Unit 2: Nutritional Requirements of the Preterm Infant

The transition from intrauterine to extrauterine environment occurs in three distinct phases, each with particular fluid and electrolyte requirements depending on gestational age and birth weight:

Phase I, the postnatal rearrangement of fluid compartments. It lasts from birth to the point of maximum weight loss (in the form of water loss), up to 10% of birth weight. 

During this phase the following occurs:

• An initial decrease in urinary output due to decreased glomerular filtration rate;
• Hypertonic urine production, with high urea, K⁺ and phosphate concentration, but no high Na⁺ and Chloride.
  
• The initial oliguria (that can last from hours to days) is followed by increased diuresis through temporal additional increase of the glomerular filtration rate.
  
• Contraction of the ECF - ~48% of total body weight in ELBW infants compared to ~31% in term infants (Fusch & Jochum 2014)
  
• Cornification of the epidermal layer of the skin reducing the evaporative water loss.
• In healthy preterm infants, this phase generally lasts from 3 to 5 days; however VLBW infants may take up to 8 days to master this fluid rearrangement, probably due to respiratory insufficiency (Fusch & Jochum 2014).

By the end of phase I, urine volume is less than 2.0 ml/kg/h, and urine osmolarity is smaller than serum osmolarity.

Phase I fluid and electrolyte management clinical goals (Fusch & Jochum 2014):  

• Allow the physiological ECF contraction, although aiming not to compromise IVF volume and cardiovascular function.
• Allow a Na⁺ negative balance (2-5 mmol Na/kg/day).
• Maintenance of normal serum electrolytes.
• Allow sufficient urine loss to excrete waste  (urea, acid equivalents, etc).
• Avoid oliguria (less than 0.5-1.0 ml of urine/kg/h) for longer than 12h.
• Provide enough fluids to allow transepidermal evaporation facilitating the body thermoregulation,
• Administration of sufficient calories to keep maintenance needs (around 40-60 kcal/kg/day).

A recent Cochrane revised review (Bell & Acarregui 2014) compared restricted versus liberal water intake in preterm infants in this phase. They concluded:

About Na⁺ administration, postnatal supplementation should be individually tailored. It seems advantageous to delay supplementation until ECF contraction onset or significant weight loss (Fusch & Jochum 2014). In VLBW infants the recommendation is to restrict Na⁺ supplementation until a weight loss of approximately 6% of the postnatal body weight (Costarino et al. 1992, Hartnoll et al. 2000, Bell & Acarregui 2014). Infants with restricted Na⁺ supplementation need less supplemental oxygen and develop less BPD, however there is an increased risk for hyponatremia. Nevertheless, after the first week of age, a higher intake of Na⁺ may be beneficial for growth and mental development (Fusch & Jochum 2014, Isemann et al. 2014).

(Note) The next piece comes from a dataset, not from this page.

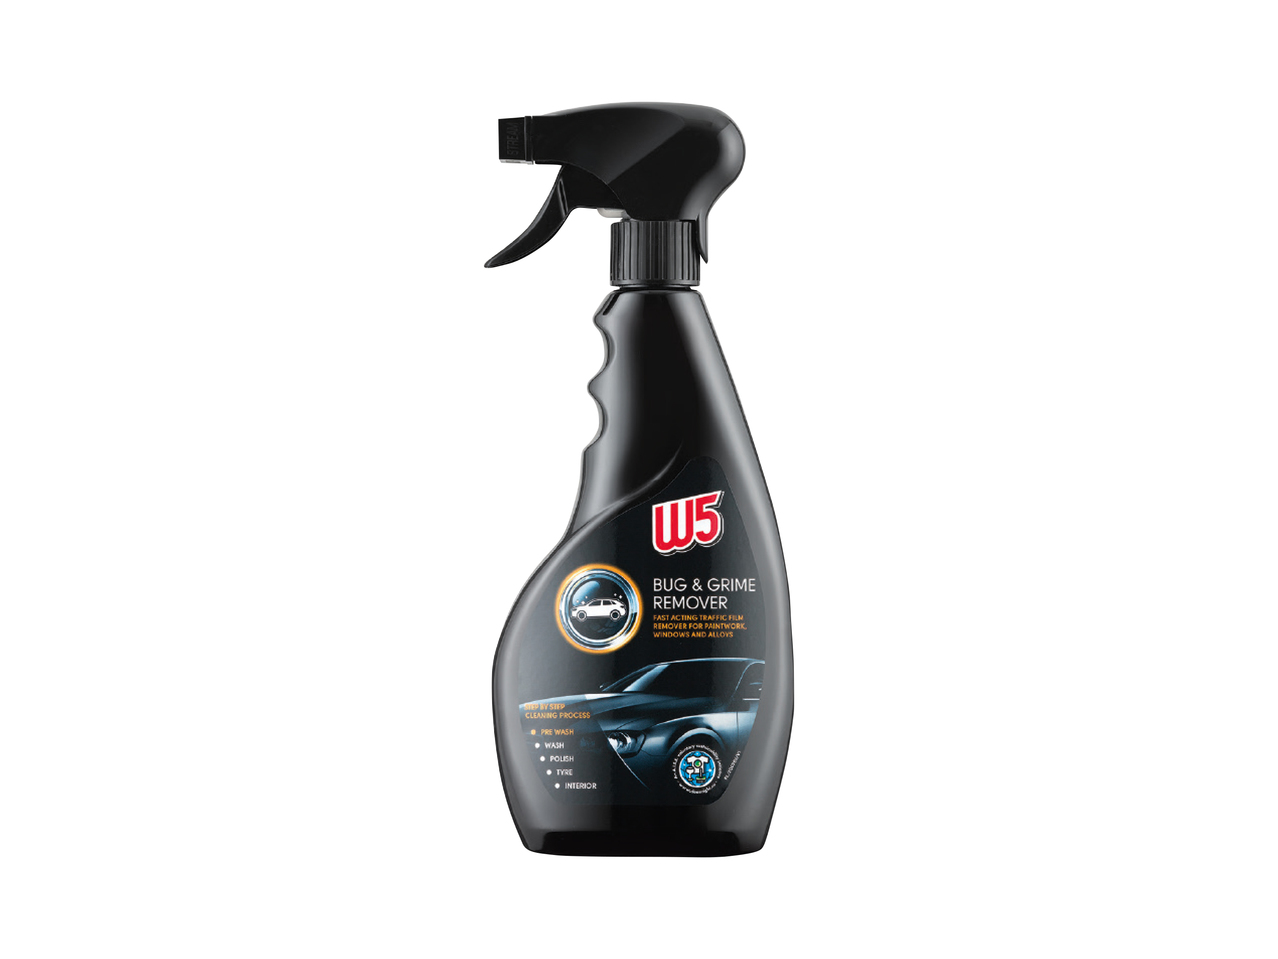 W5 Bug & Grime Remover1

Phase II, the intermediate phase of postnatal adaptation with the establishment of enteral feeding. Characterized by:

• Decreasing transcutaneous fluid output;
• Decreasing urine volume (less than 1 to 2 ml/kg/day);
• Low Na⁺ excretion.

Phase II fluid and electrolyte management clinical goals (Fusch & Jochum 2014):

• Electrolyte replenishment for losses that might have occurred during the Phase I, due to ECF contraction;
• Electrolyte and fluid  replenishment for losses occurring in this phase to secure homeostasis;
• Increase of enteral feedings.

Phase III, phase of stable growth. Characterized by:

• Epidermis totally cornified;
• Mature kidney function, completely adapted to the extrauterine conditions;
• Low Na⁺ excretion.

Phase III fluid and electrolyte management clinical goals (Fusch & Jochum 2014):

• Full enteral intake of fluids and electrolytes;
• It must be ensured that water and electrolytes are given in sufficient amounts to both maintain homeostasis and support tissue accretion - ideally at a rate comparable to the intrauterine growth (around 15-20 g/kg/day).

Of note, it is important to mention that most data used to calculate such fluid and electrolyte requirements were obtained from studies and clinical trials performed in the 1980s and 1990s. Compared to today's population of preterm infants, these infants were relatively larger (body weight usually above 1000g), more mature (>28 weeks GA), and they were usually also sick and treated in a more invasive way than presently. The population of preterm infants nowadays are very often younger (>23 weeks GA) and receive frequently a less invasive respiratory support (such as nCPAP, nasal Continuous Positive Airway Pressure). It might well be that VLBW and ELBW preterm infants nowadays have different needs and may tolerate different fluid and electrolyte regimes than those investigated in studies to date. New clinical trials assessing fluid and electrolytes needs are warranted for these more immature preterm infants under the current neonatal intensive care and also assessing neurodevelopmental outcomes (Fusch & Jochum 2014).